Synopsis

Heart failure is a multifactorial disease including a reduced pump efficiency leading to an insufficient oxygen supply for all body organs. However, the consequence of heart failure to brain structure is an important issue that needs further investigation. We used structural MRI with voxel-based morphometry to investigate a relationship between gray matter density and heart failure using ejection fraction and N-terminal prohormone of brain natriuretic peptide as markers for disease severity. These markers were found to be associated with decreased gray matter density in orbitofrontal and hippocampal brain regions indicating local gray matter abnormalities in these regions with heart failure.

Introduction

Heart failure is a common condition of heart damage leading to a decreased blood flow due to a reduced pump efficiency of the heart muscle. A consequence can be insufficient oxygen supply to the organism including the brain. While heart failure clearly shows neurological symptoms, such as fatigue, nausea and dizziness, the consequences to brain structure are not well understood. Few studies show regional gray matter (GM) decrease related to heart failure^1,2,3, however, the underlying mechanisms leading to the observed brain changes remain unclear.
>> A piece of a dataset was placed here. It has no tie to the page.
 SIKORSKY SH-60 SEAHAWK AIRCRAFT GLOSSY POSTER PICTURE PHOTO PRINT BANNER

Recent work showed both hippocampal GM loss⁴ and blood flow abnormality⁵ suggesting a link between brain damage and decreased blood flow due to a decreased heart pumping efficiency. To further investigate the relationship between structural brain change and impairment of heart function and its consequences to blood circulation, we studied the potential correlation between gray matter density (GMD) and ejection fraction (EF) using voxel-based morphometry (VBM).

Methods

A potential relationship between heart failure markers and brain structure was investigated in a group of 50 patients (12 female, mean age=53.9 y, std=5.4 y). All patients received a coronary stent placed during a percutaneous coronary intervention. EF (mean=56.4%, std=11.8%) and N-terminal prohormone of brain natriuretic peptide (NT-proBNP, mean=220.6 pg/mL, std=306.0 pg/mL) were used as markers for screening, diagnosis and prognosis of congestive heart failure. Structural T1-weighted MP-RAGE brain images were acquired on a 3T Verio scanner (Siemens, Erlangen, Germany) with a 32-channel head coil using 176 sagittal slices, a field of view of 240×256 mm², and a nominal resolution of 1×1×1 mm³. Imaging parameters were chosen according to the ADNI protocol (TR=2300 ms, TE=3 ms, TI=900 ms).
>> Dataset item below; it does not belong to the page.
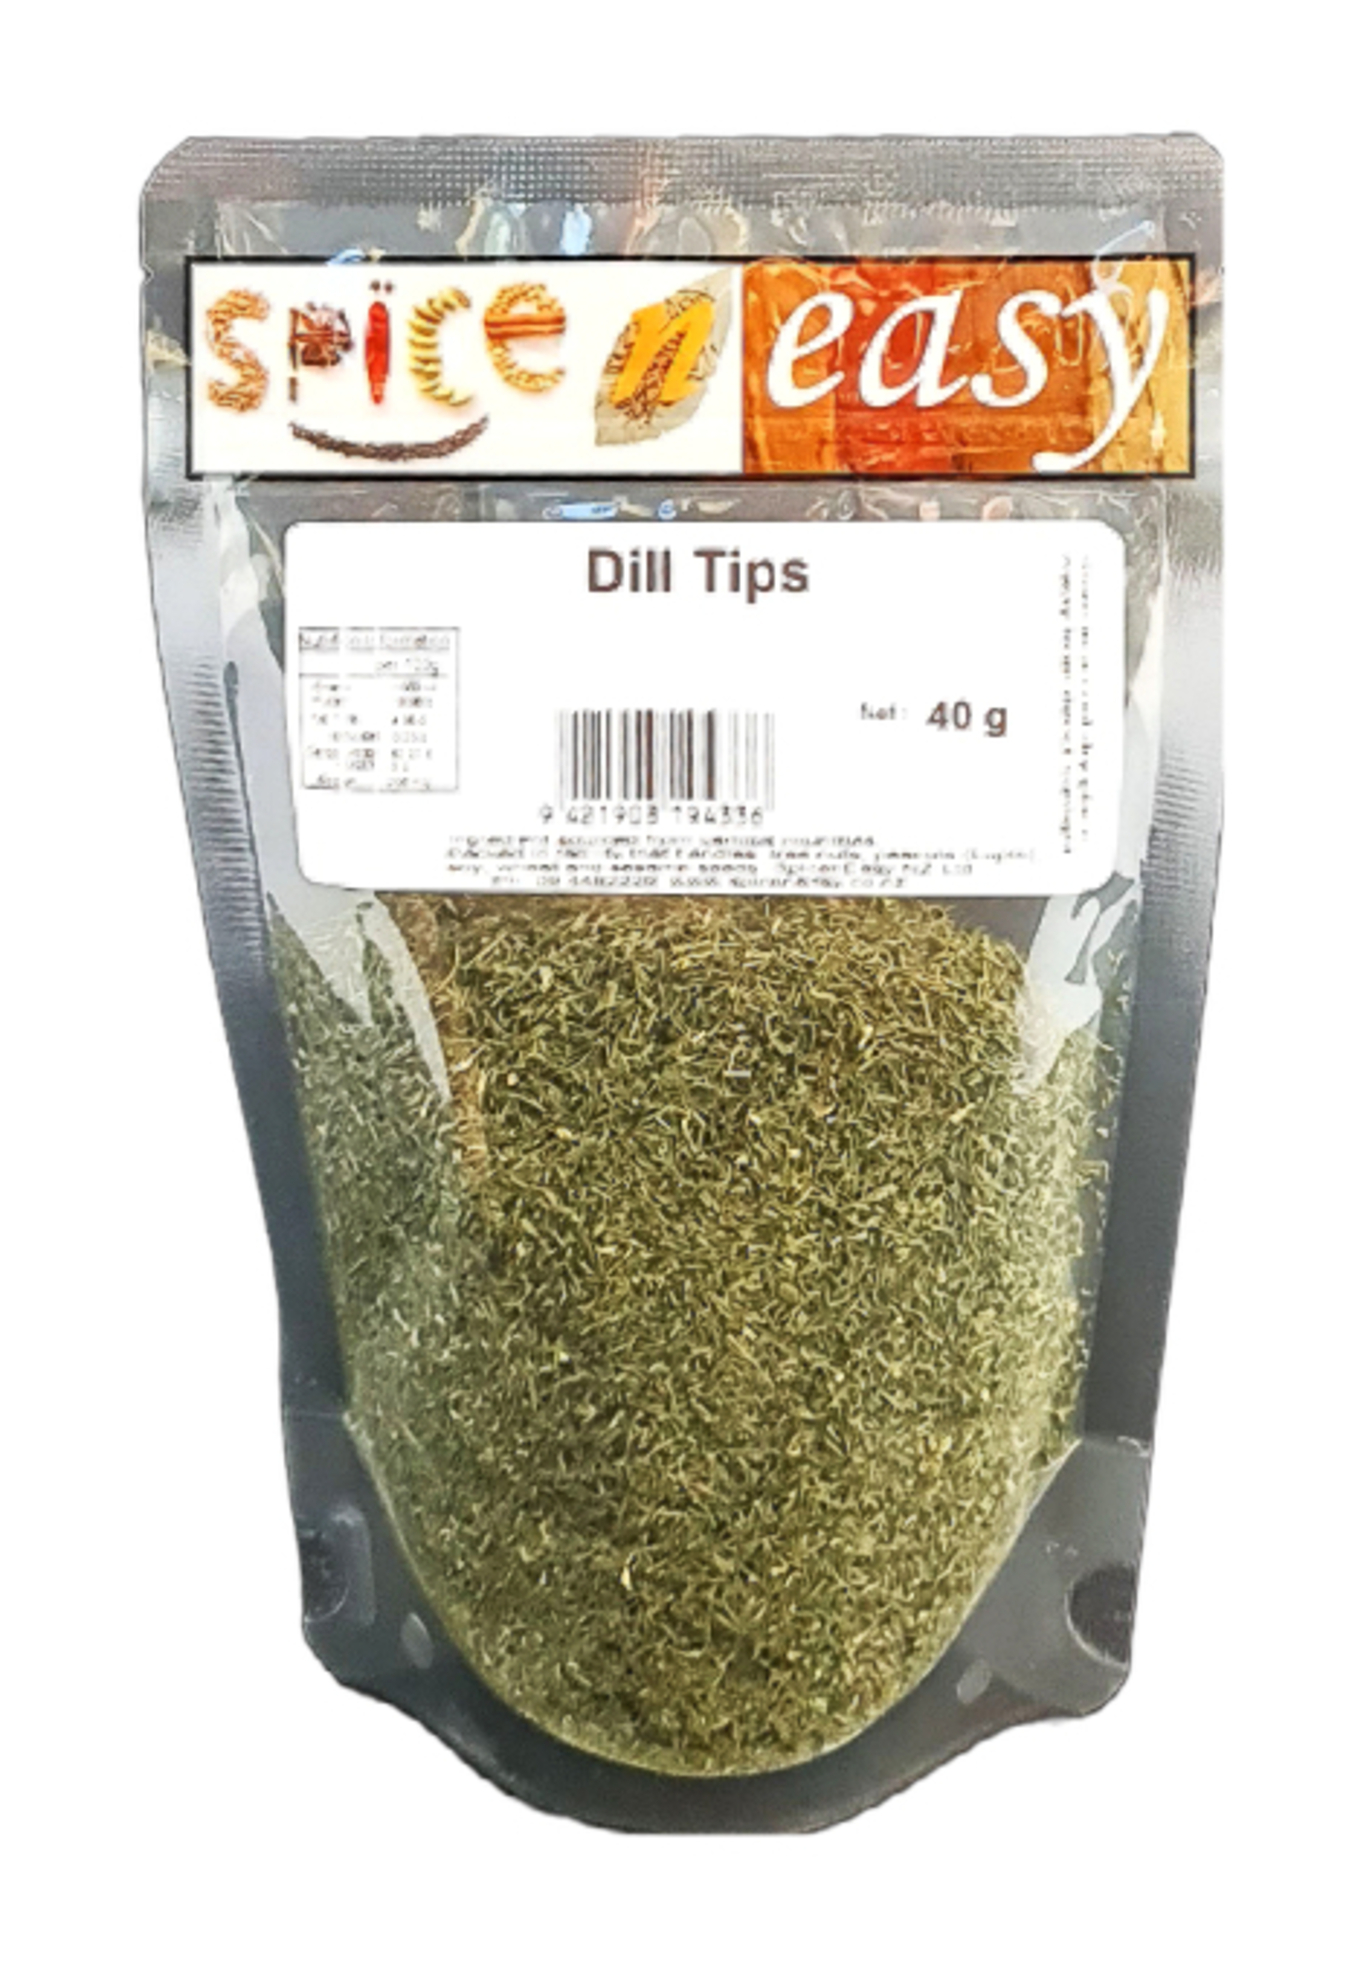 Dill Tips Rubbed 40g

VBM was performed using GMD images computed with the Computational Anatomy Toolbox (CAT) in combination with SPM12 and Matlab 8.6. Statistical analysis was performed with a voxel threshold of p<0.005 using the general linear model to test for potential correlations between GMD and both markers of heart failure (EF, NT-proBNP) including age and total intracranial volumes as covariates. To correct for multiple comparisons, significant clusters were obtained using a family-wise error corrected cluster threshold of p<0.05 (k>1000 voxels).

Results

Conclusions

We obtained significant correlations between brain structure and markers of heart failure including EF and NT-proBNP. A diminished GMD was found with decreased EF and increased NT-proBNP in orbitofrontal regions, which is in line with previous work showing a reduced cortical thickness in heart failure patients in these cortical regions⁶. We note that the orbitofrontal cortex plays a substantial role in blood pressure regulation⁷, which might link reduced EF, potentially diminished blood flow, and structural brain change.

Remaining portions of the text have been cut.